Construction of P,N-codoped carbon shell coated CoP nanoneedle array with enhanced OER performance for overall water splitting

Abstract

Water electrolysis to generate hydrogen (H2) and oxygen (O2) was a sustainable alternative for clean energy in the future but remained challenging. Herein, we fabricated a nanoneedle-like CoP core coated by a P,N-codoped carbon shell (CoP@PNC@NF). The hierarchical structure, unique nanoneedle-like morphology, CoP core, and P,N-codoped carbon shell were responsible for the high electrocatalytic activity. Electrocatalytic tests demonstrated that CoP@PNC@NF displayed low overpotentials of 137.6 and 148.4 mV, as well as Tafel slopes of 59.89 and 56.40 mV dec−1 for hydrogen evolution reaction (HER) and oxygen evolution reaction (OER), respectively, at 10 mA cm−2 in 1.0 M KOH. The bifunctional electrocatalyst CoP@PNC@NF also exhibited a low cell voltage of 1.458 V to yield 10 mA cm−2 in the two-electrode system and could maintain the activity for 50 h.

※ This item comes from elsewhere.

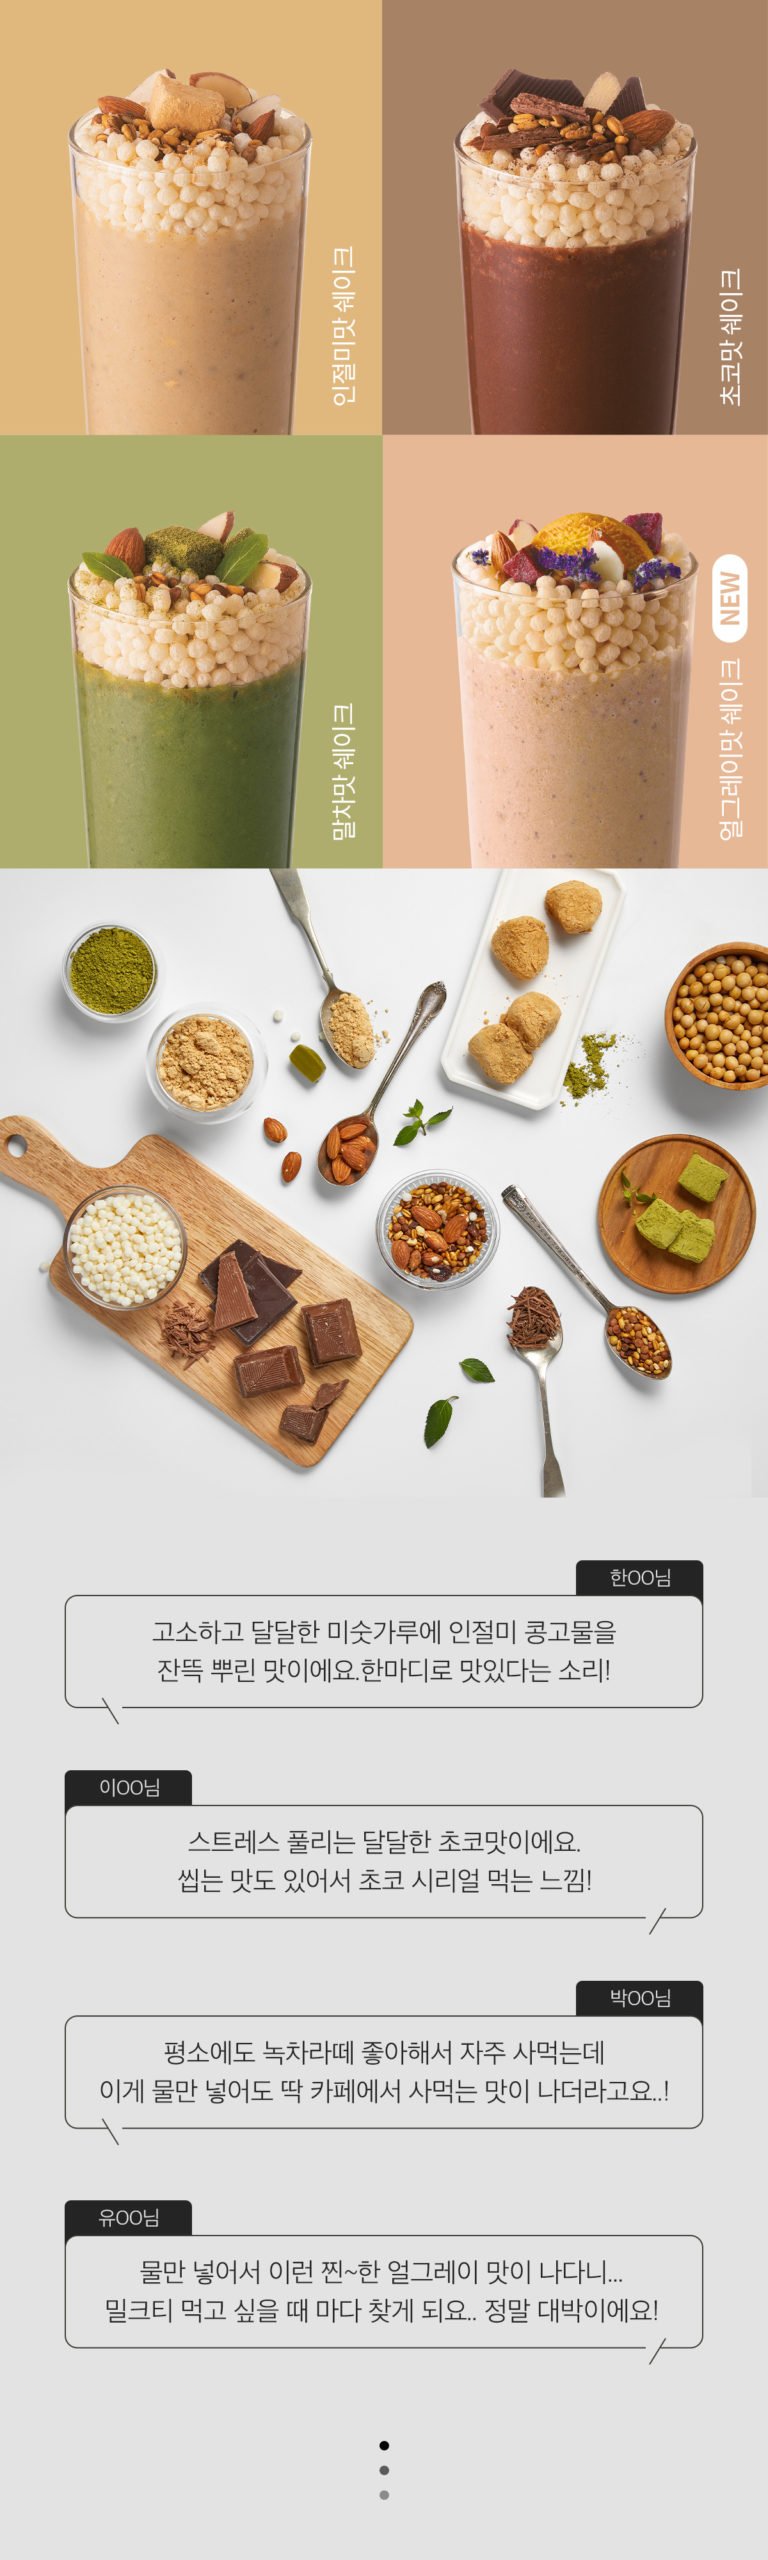 韓國食品-[GLAM.D] Meal Replacement Shake (Chocolate) 40g

The Faradaic efficiencies of CoP@PNC@NF for both HER and OER were nearly 100%. The result outperformed the precious-metal-based electrocatalyst apparatus (RuO2||Pt/C) and other carbon-coated transition-metal phosphides (TMPs). This work paved the way for the rational design of carbon shell-coated TMPs with low energy barriers for converting and storing electrochemical energy.